What should be the KoBo case order in the export file?

The order in the table view seems to follow the end (datetime) metadata.

In the table this case (appearing at position 1 in the export) is somewhere in the middle of the KoBo table view (page 3 of 7). But in the download the case shows up on position 1. (Screenshot updated):

The recent change of the export order / _index is a relevant problem for us, as we used previous downloads to specify cleaning issues.

@wroos, could you also share the last screenshot as the first screenshot so that we could see the entire page as seen in your first image. This should be helpful for us.

Hi @wroos
I this issue localized to one project or it affects all your projects?

Stephane

1 Like

Hello @stephanealoo, @Kal_Lam
I updated the screenshot (above).

I think the initial research question might be to understand the code algorithm: How does KoBo sort the cases in the download?.

A test for a 2nd project (same account) was ok (but submitted data are a bit older).
A difference to the 2nd project is that the sequence for the _submission_time is not strictly sequential in the 1st project, esp. around the wrong case (see table screenshot) and therefore the table order in the 1st project based on end_time is partly different to an order based on _submission_time.
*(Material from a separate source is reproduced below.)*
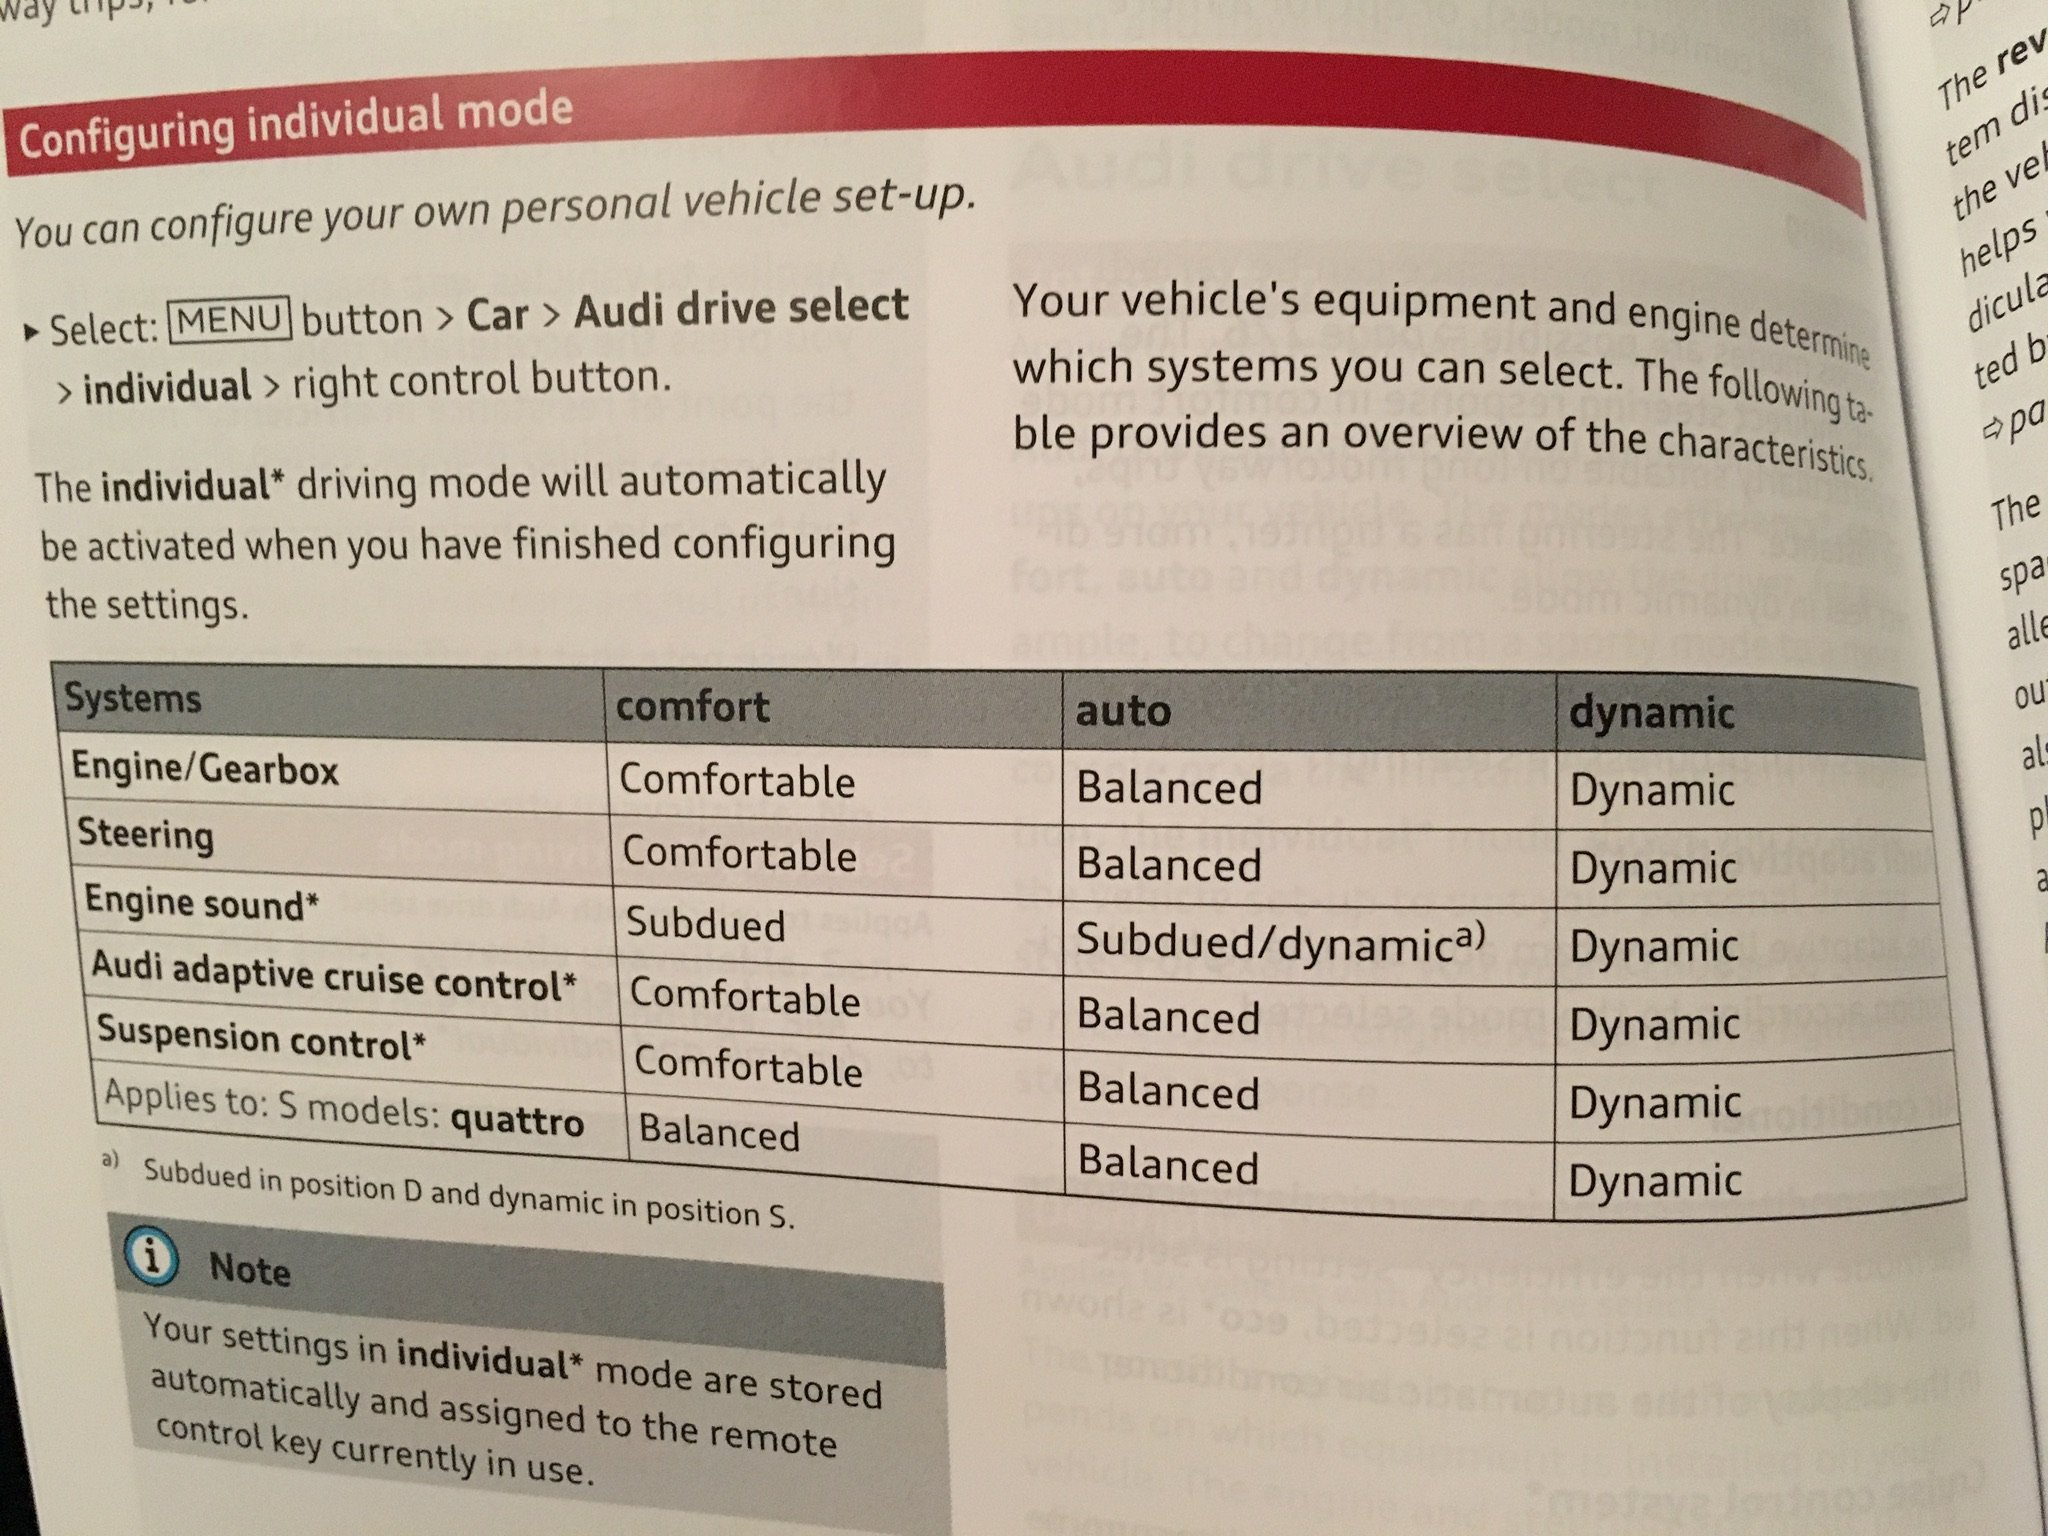 Audi Drive Select Effectiveness
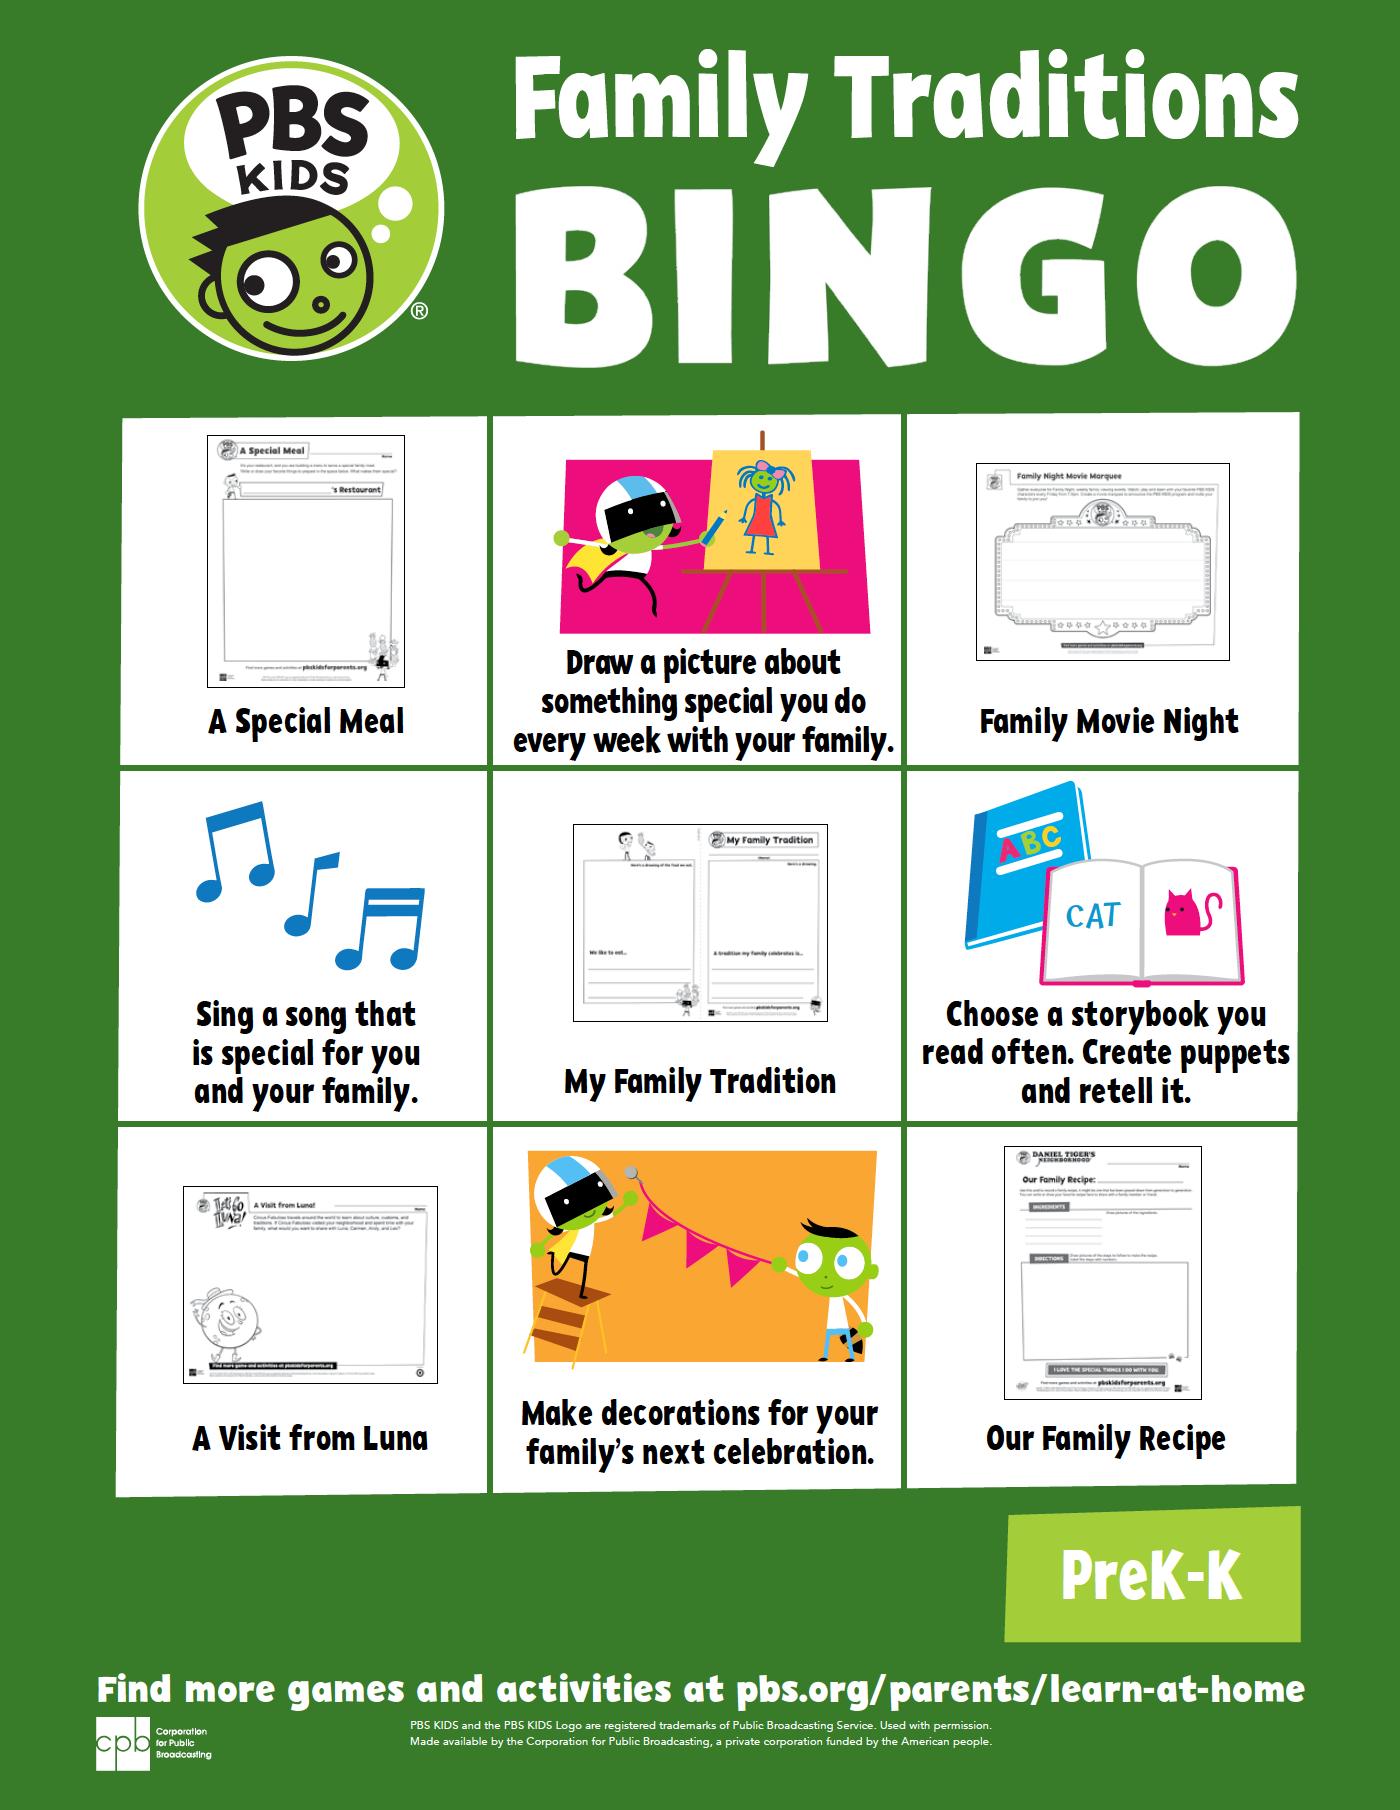 Family Traditions bingo card

We also tried again several downloads at different times to control internet connectivity effects. But they all showed the same issue, i.e. mixed up order in export as reported above.

We don’t think the problem is related to the server data loses, as they were announced later: “projects that were lost after 07:00 UTC on 22 January. More specifically, our logs show the first effects of this problem on … OCHA at 07:32.”

1 Like

Thank you for bringing this to our attention, @wroos. I will make a random check with some of my dummy entries and see if I can reproduce your issue. In the meantime, could you also let us know the server you are using?

Could you match and see if _submission_time and _id are related? The sole purpose of _index is related to link repeating groups with their parent submission.

Hello @Kal_Lam, @stephanealoo
Server is OCHA. (We are working in refugee context.)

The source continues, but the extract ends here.